• [Instructions to follow]
The answer must be an exact reprint of the lines from the one with "David Gibson sulle" through the final line of the data, with no pictures included.

BEGIN

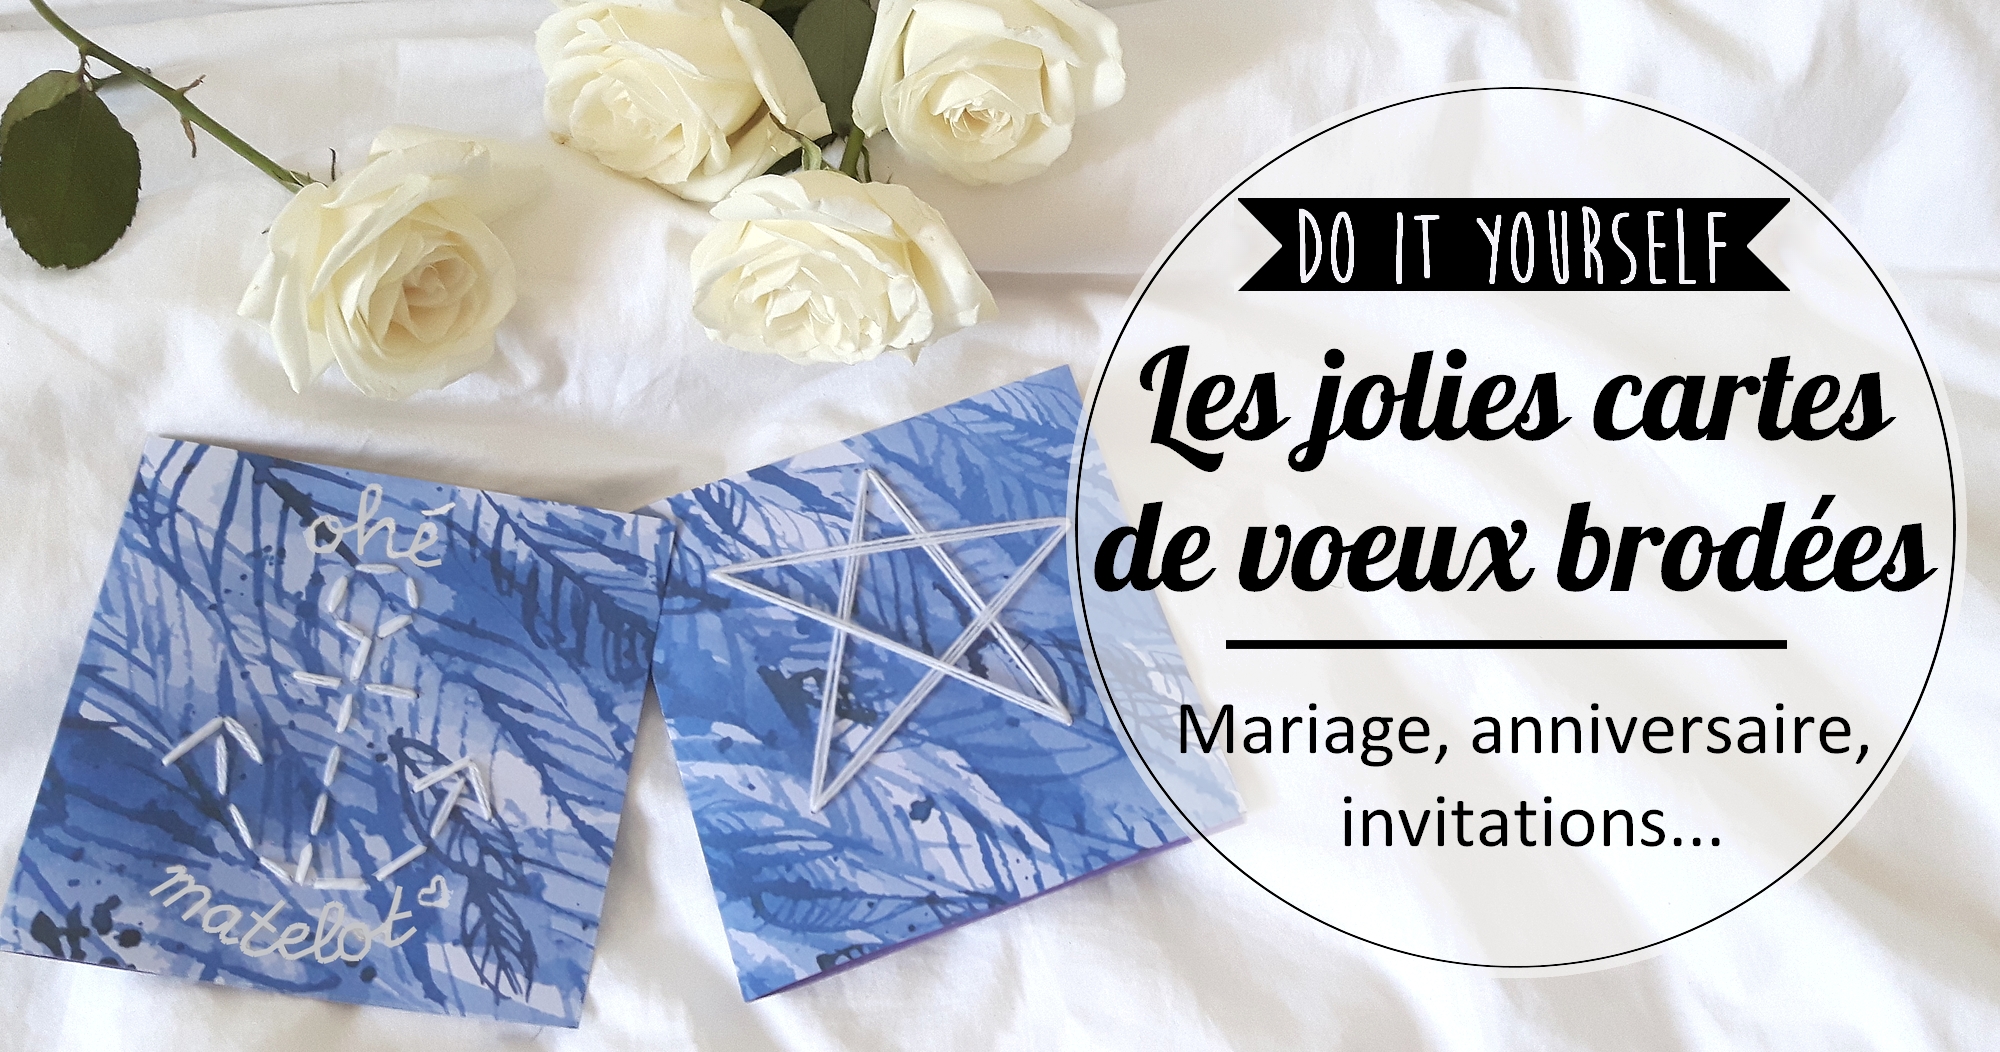 DIY : Les cartes de vœux brodées (mariage, anniversaire, invitation…)
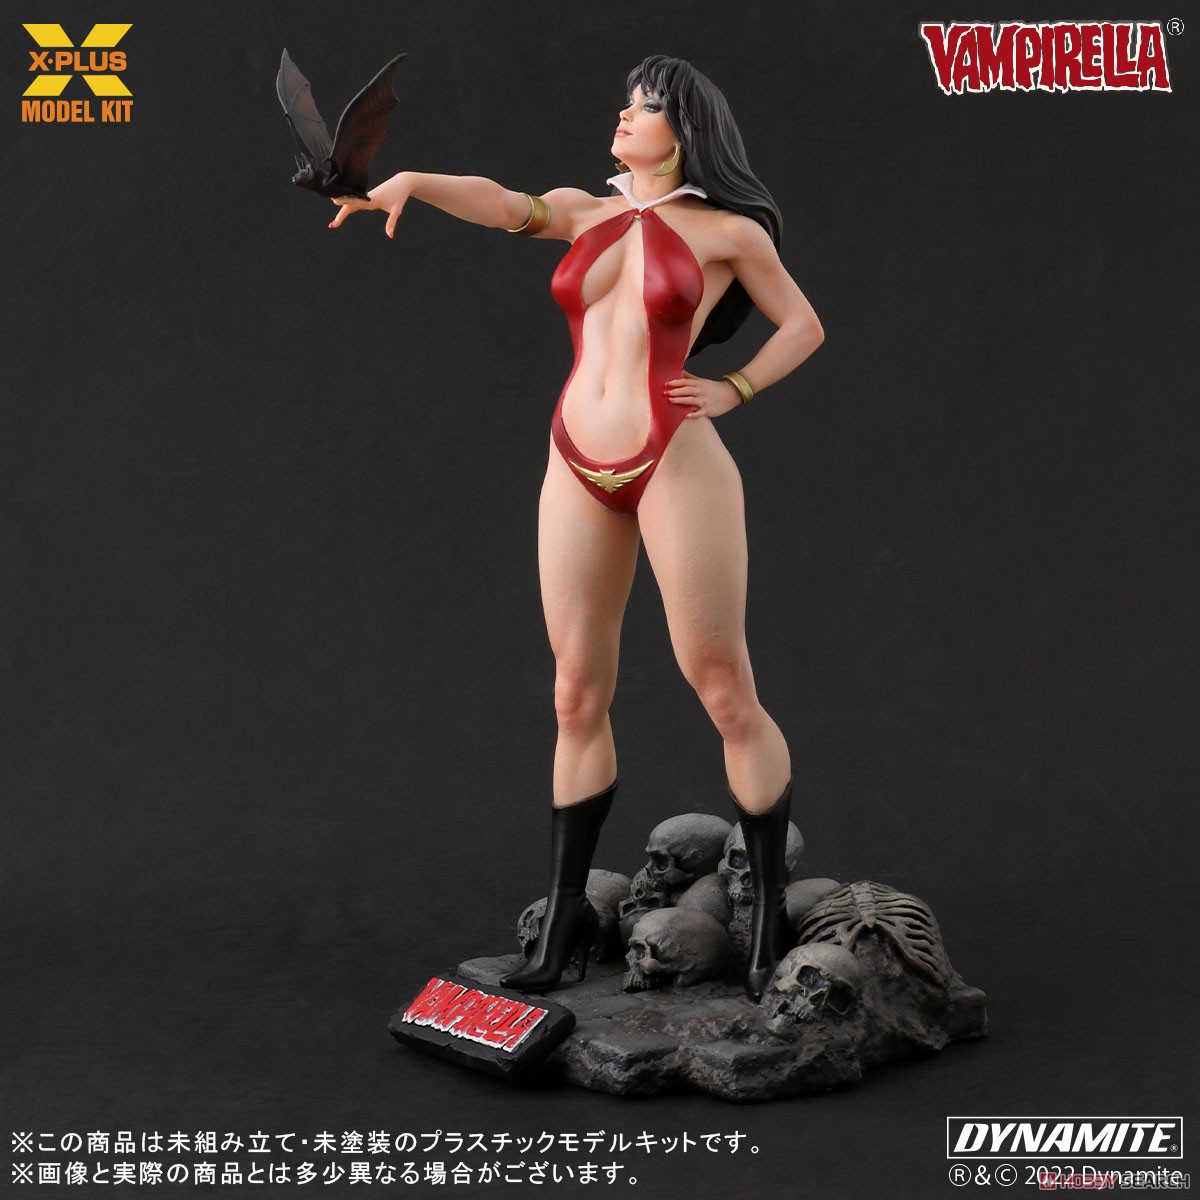 Vampirella『ヴァンピレラ ホセ・ゴンザレス エディション 』1/8スケール プラスチック モデルキット-005
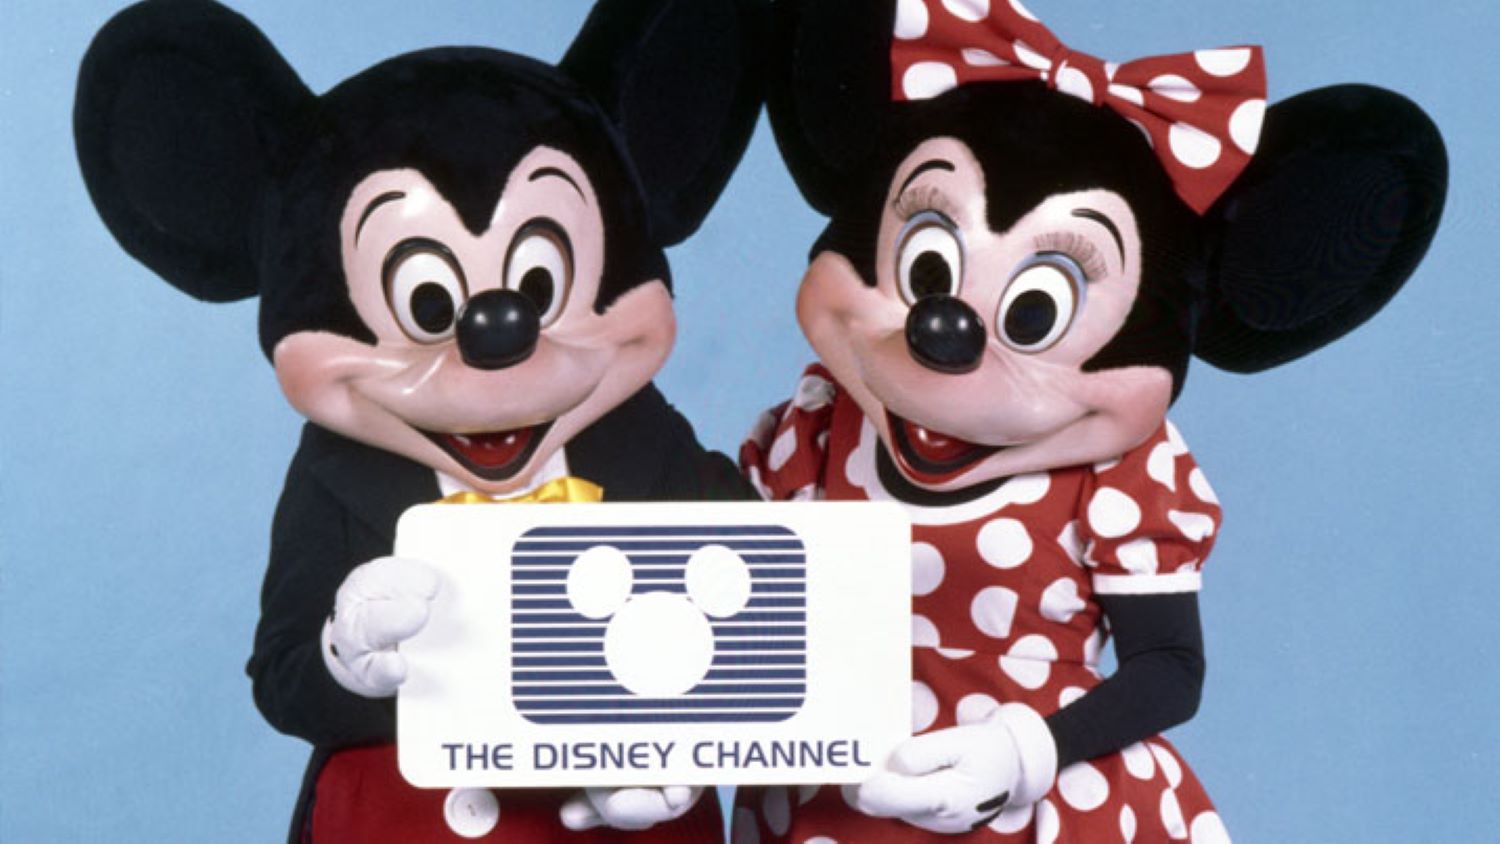 Disney initial logo
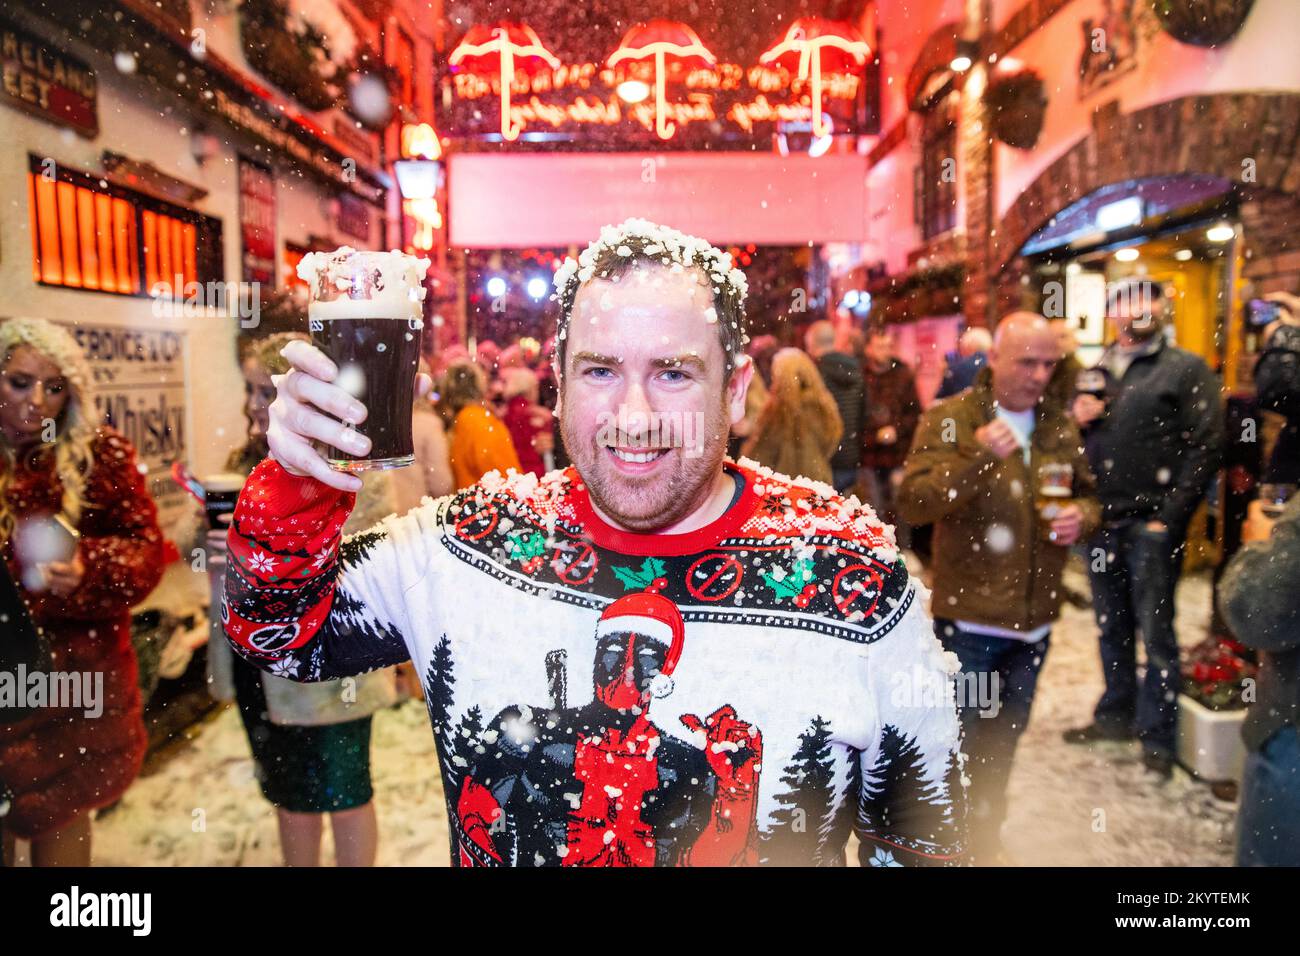 David Gibson sulle strade acciottolate di Commercial Court fuori del bar Duke of York a Belfast, mentre Guinness ha dato vita al suo iconico annuncio natalizio con una macchina da neve, mentre gli ospiti sono stati accolti da una pinta per iniziare la stagione festiva. Foto Stock
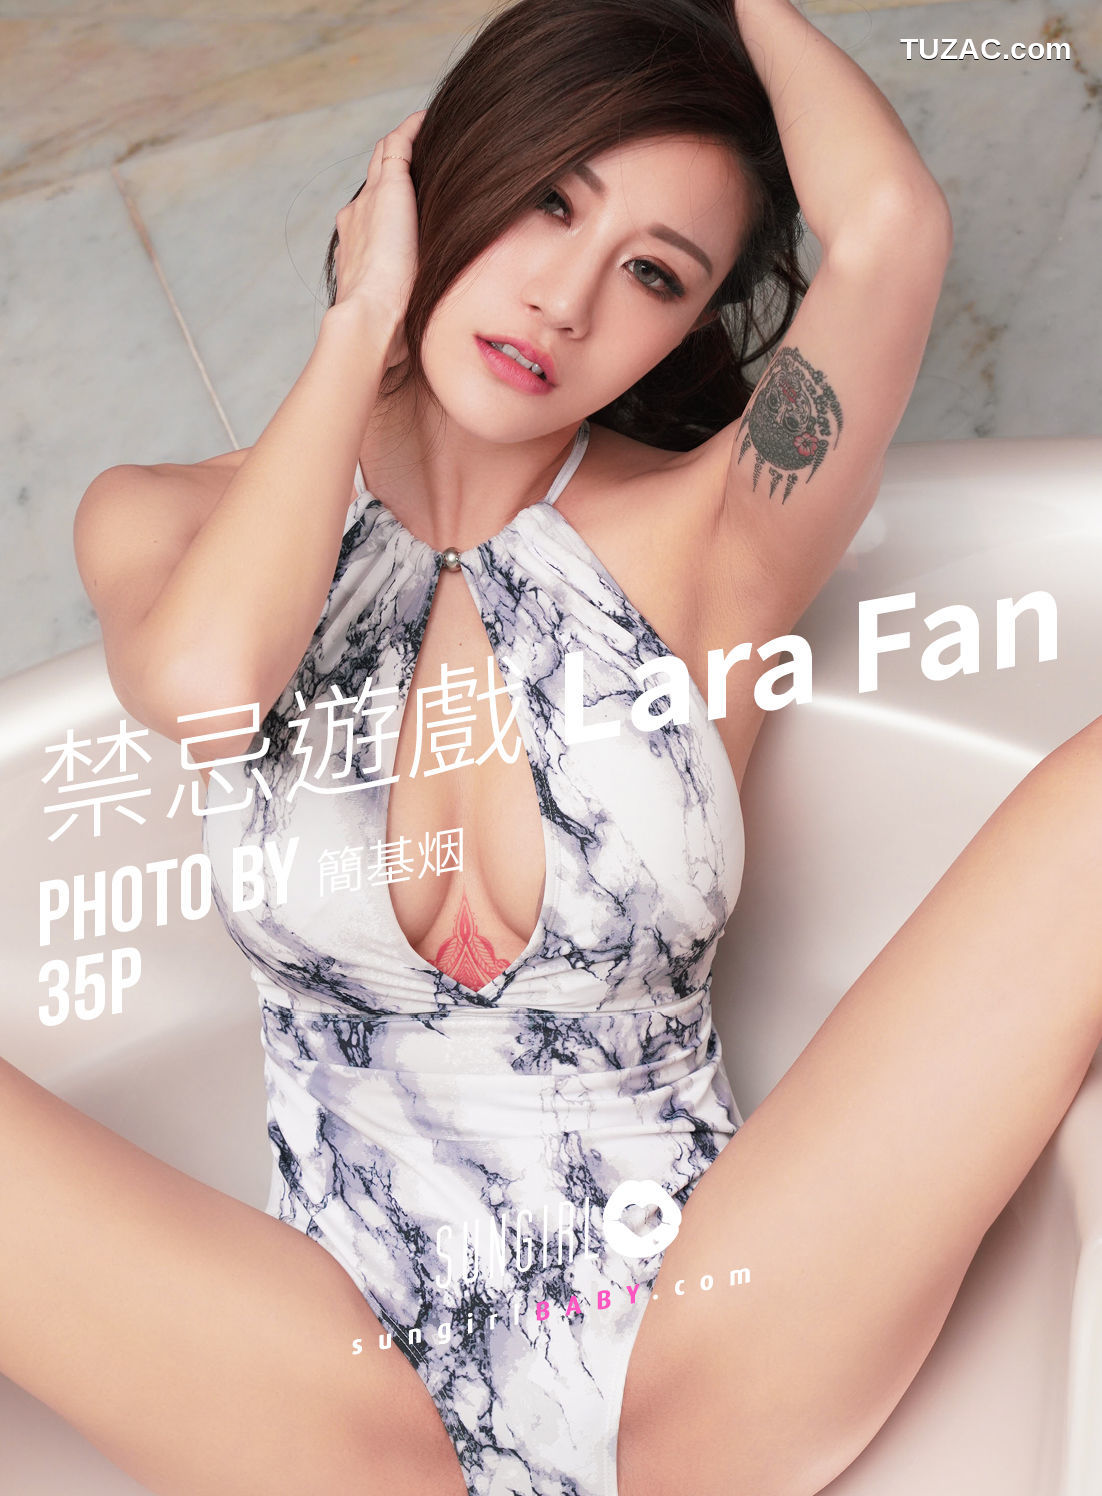 SunGirl阳光宝贝-036-Lara-Fan《禁忌遊戏》

END

• [Answer to this problem]
 David Gibson sulle strade acciottolate di Commercial Court fuori del bar Duke of York a Belfast, mentre Guinness ha dato vita al suo iconico annuncio natalizio con una macchina da neve, mentre gli ospiti sono stati accolti da una pinta per iniziare la stagione festiva. Foto Stock
 SunGirl阳光宝贝-036-Lara-Fan《禁忌遊戏》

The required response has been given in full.